Dr. Karley Little, lead investigator, and colleagues studied samples of brain tissue obtained during autopsies of 35 long-term cocaine users and 35 non-users. They analyzed the tissue for dopamine and the protein VMAT2, which is found in dopamine transporters. Urine or serum samples were also analyzed for the presence of cocaine, opioids, antidepressants, and antipsychotic medications. A person close to each individual was interviewed about the individual's substance abuse, alcoholism, and symptoms of personality and mood disorders.
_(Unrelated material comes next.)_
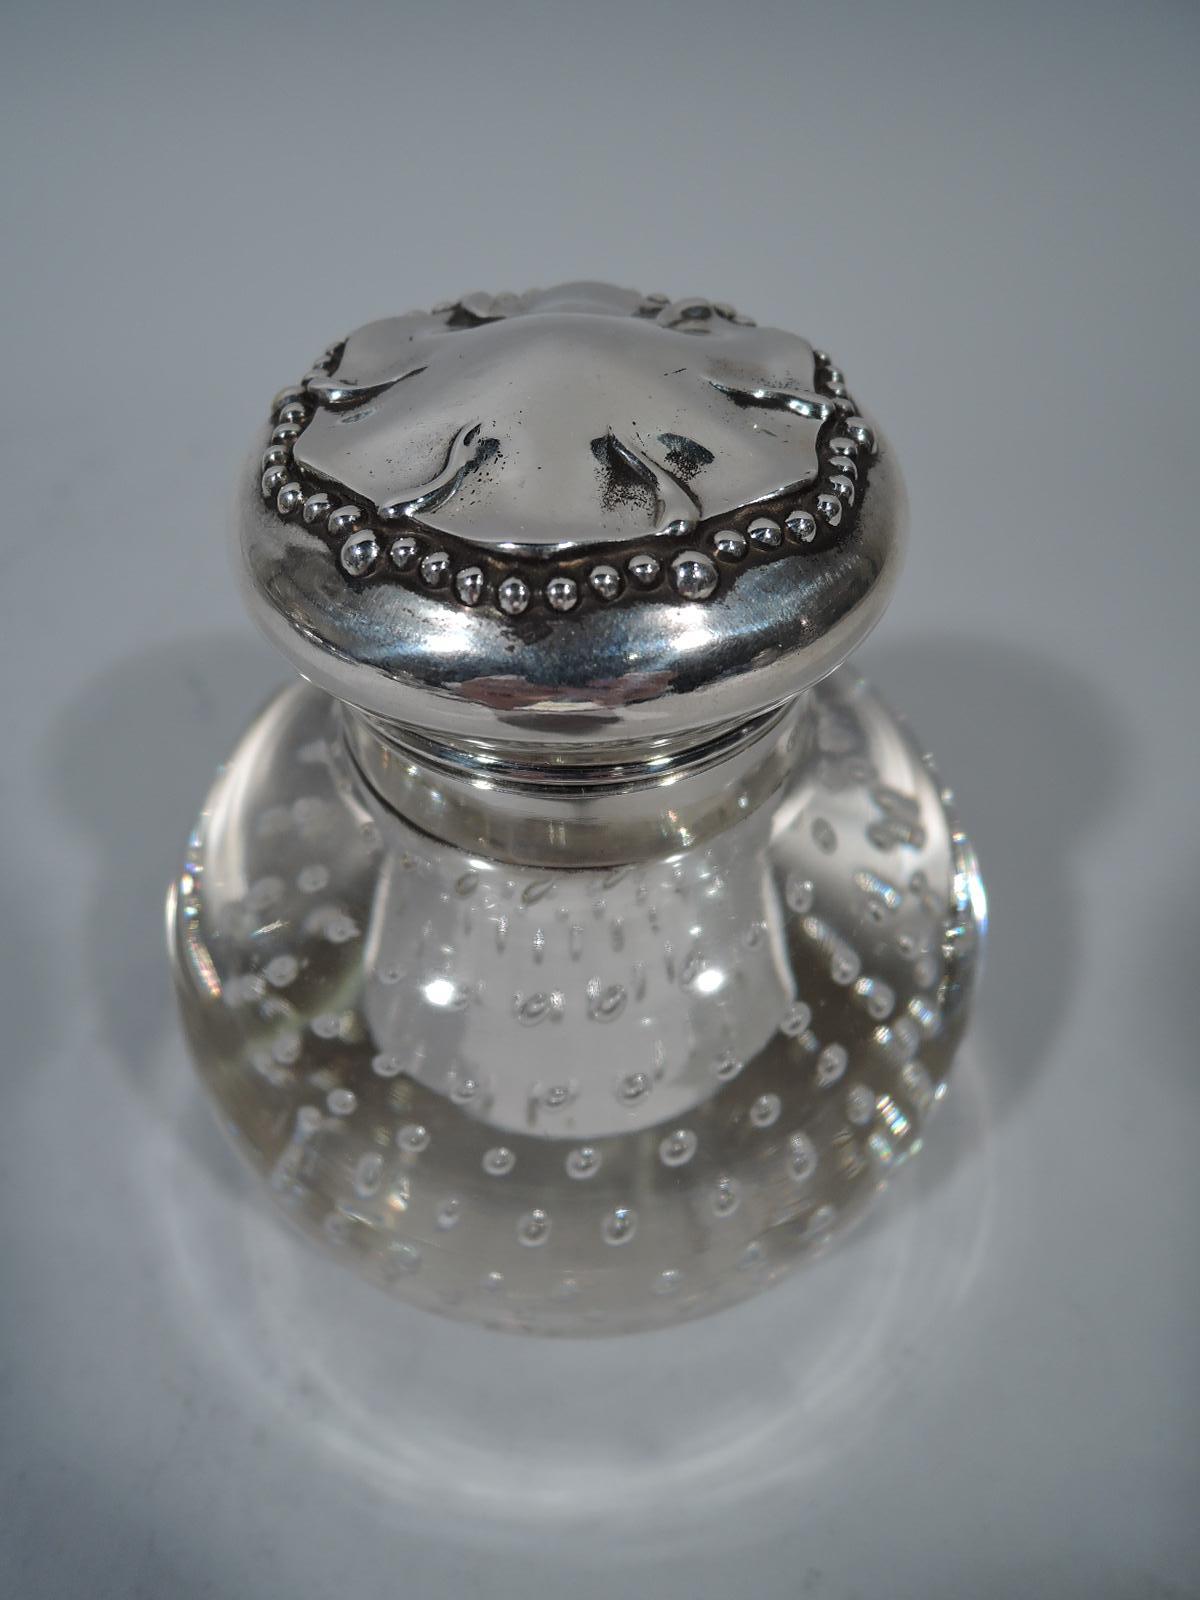 Turn-of-the-century sterling silver and pairpoint glass inkwell. Plain, round, and upward tapering well with pointed bottom set in globe with controlled bubbles. Short neck in sterling silver collar with hinged and bellied cover, also sterling

Researchers found that cocaine users had lower concentrations of dopamine and VMAT2 in their brains than did non-users. Additionally, cocaine users suffering from depression had lower levels of VMAT2 than those who were not depressed. Dr. Little and colleagues were uncertain whether dopamine cells had been destroyed or just dysregulated by cocaine use, and if such changes could be reversed.
These findings suggest that chronic cocaine use may cause changes in the brain that could make it harder for a person to feel a sense of pleasure. Further efforts at clarifying the detrimental effects of cocaine on brain cells may help in the development of effective treatment interventions and pharmacotherapies.
This study, funded in part by the National Institute on Drug Abuse, was published in the January 2003 issue of the American Journal of Psychiatry.